In Proposition 0.16 of Hatcher's Algebraic Topology, Hatcher claims that $ X^n \times I $ is obtained from $ (X^n \times \{0\}) \cup ((X^{n-1} \cup A^n) \times I) $ via attaching copies of $D^n \times I$ along $ (D^n \times \{0\}) \cup (\partial D^n \times I) $.
Why is this the case?
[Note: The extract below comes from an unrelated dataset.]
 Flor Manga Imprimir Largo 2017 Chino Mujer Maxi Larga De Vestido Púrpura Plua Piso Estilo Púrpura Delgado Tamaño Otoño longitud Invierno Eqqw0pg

In particular, how does this arise from the attachment maps $ \varphi_\alpha : S^{n-1} \to X^{n-1} $ used to attach $ D^n_\alpha $ to $ X^{n-1} $?
I see how to deformation retract $ D^n \times I $ onto $ (D^n \times \{0\}) \cup (\partial D^n \times I) $.
I guess what I fail to see is more than a mere intuitive picture of gluing in the ''cylinder'' $ D^n \times I $ by: 1) Gluing the ''bottom'' of this ''cylinder'' to $ D^n \times \{0\} \subset X^n \times \{0\} $, 2) Gluing the ''sides'' of this ''cylinder'' to $ X^{n-1} \times I $ via use of $ \varphi_\alpha \times \text{id}_I $.
I suspect my intuition here is correct, but would really like to formalize it.